Final answer:
The estimated speeds of sound at 37°C, -1°C, 15°C, and -18°C are 20,532 m/s, 20,266 m/s, 20,378 m/s, and 20,147 m/s, respectively, calculated using the formula s = 20,273 + 7T.
Step-by-step explanation:
The student's question seeks to estimate the speed of sound in air at various Celsius temperatures using the formula s = 20,273 + 7T, where T is the temperature in degrees Celsius. According to the given relationship, for each temperature increment of 1 degree Celsius, the speed of sound increases by 7 meters per second from a baseline of 20,273 m/s.

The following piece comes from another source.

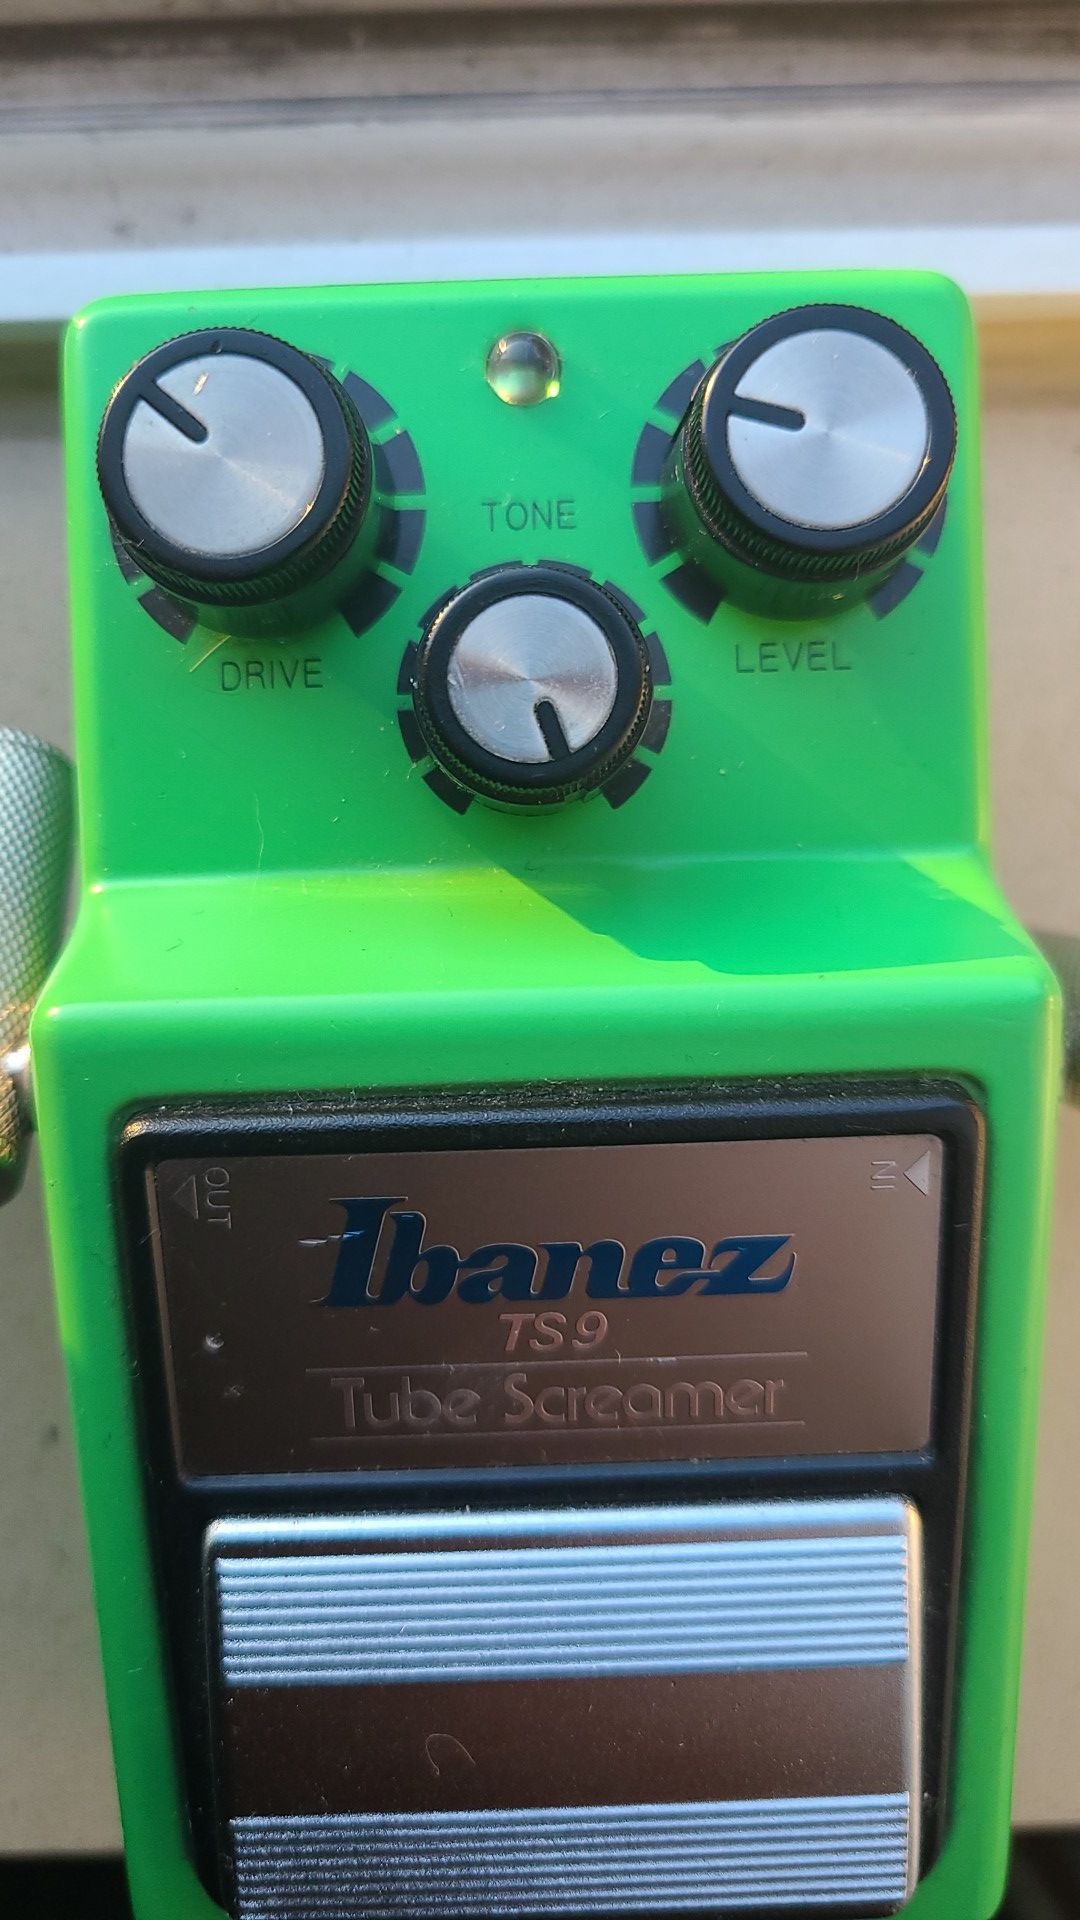 Ibanez ts9 tube screamer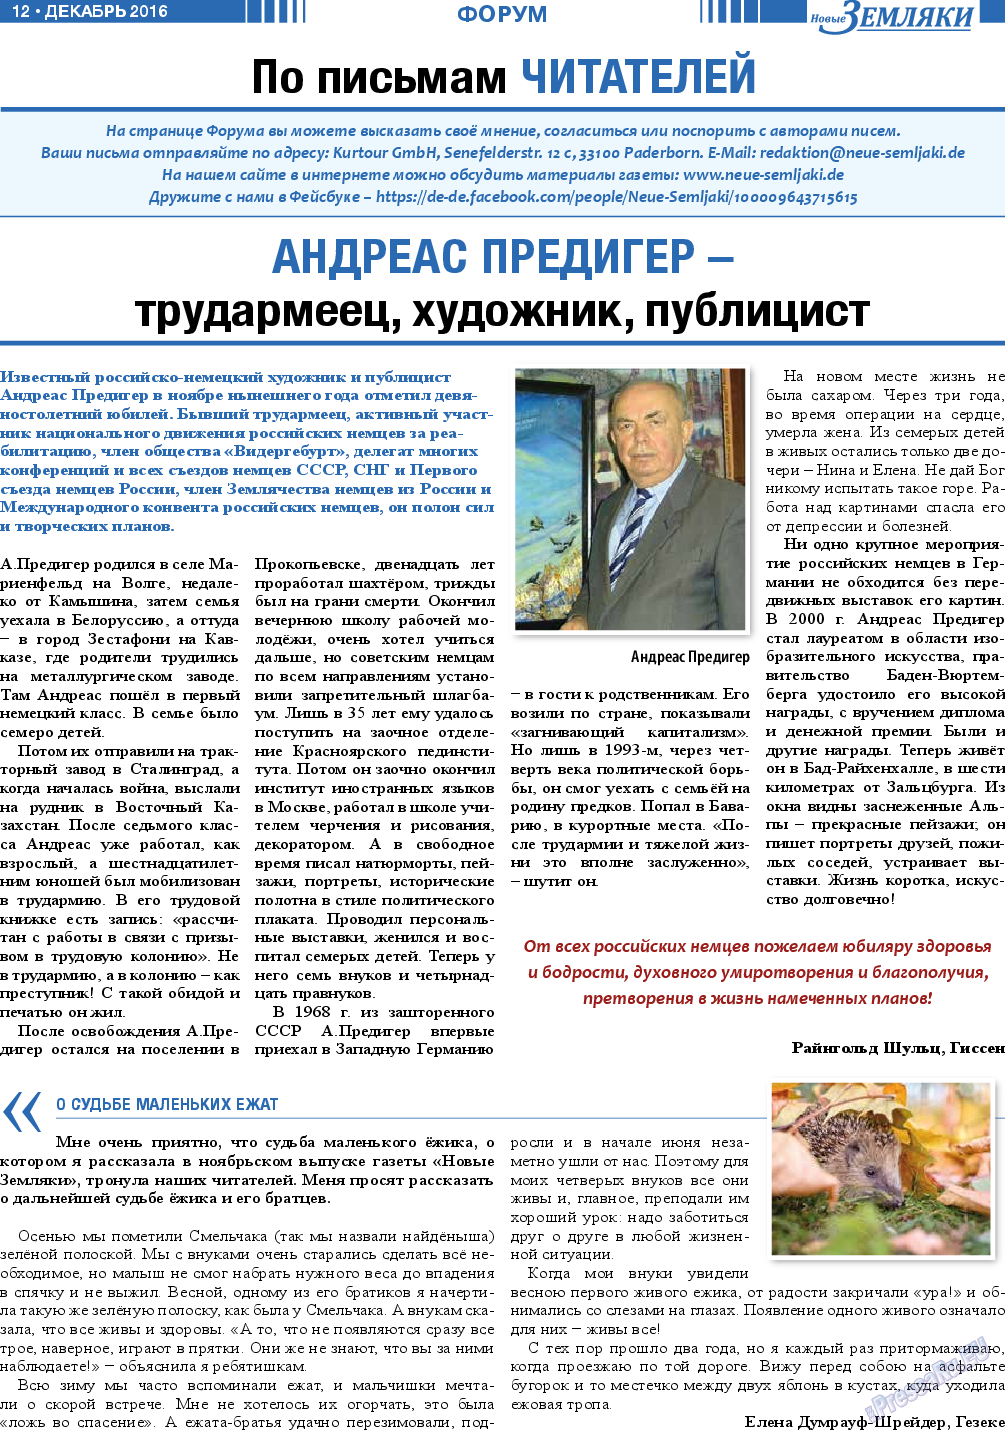 Новые Земляки, газета. 2016 №12 стр.12

- For A. 37°C: s = 20,273 + (7 × 37) = 20,273 + 259 = 20,532 m/s (rounded to 20,532 m/s).
- For B. -1°C: s = 20,273 + (7 × (-1)) = 20,273 - 7 = 20,266 m/s (rounded to 20,266 m/s).
- For C. 15°C: s = 20,273 + (7 × 15) = 20,273 + 105 = 20,378 m/s (rounded to 20,378 m/s).
- For D. -18°C: s = 20,273 + (7 × (-18)) = 20,273 - 126 = 20,147 m/s (rounded to 20,147 m/s).
Note that these estimates are based on the student's provided formula and real-world values may vary due to atmospheric conditions and the approximation of the formula itself.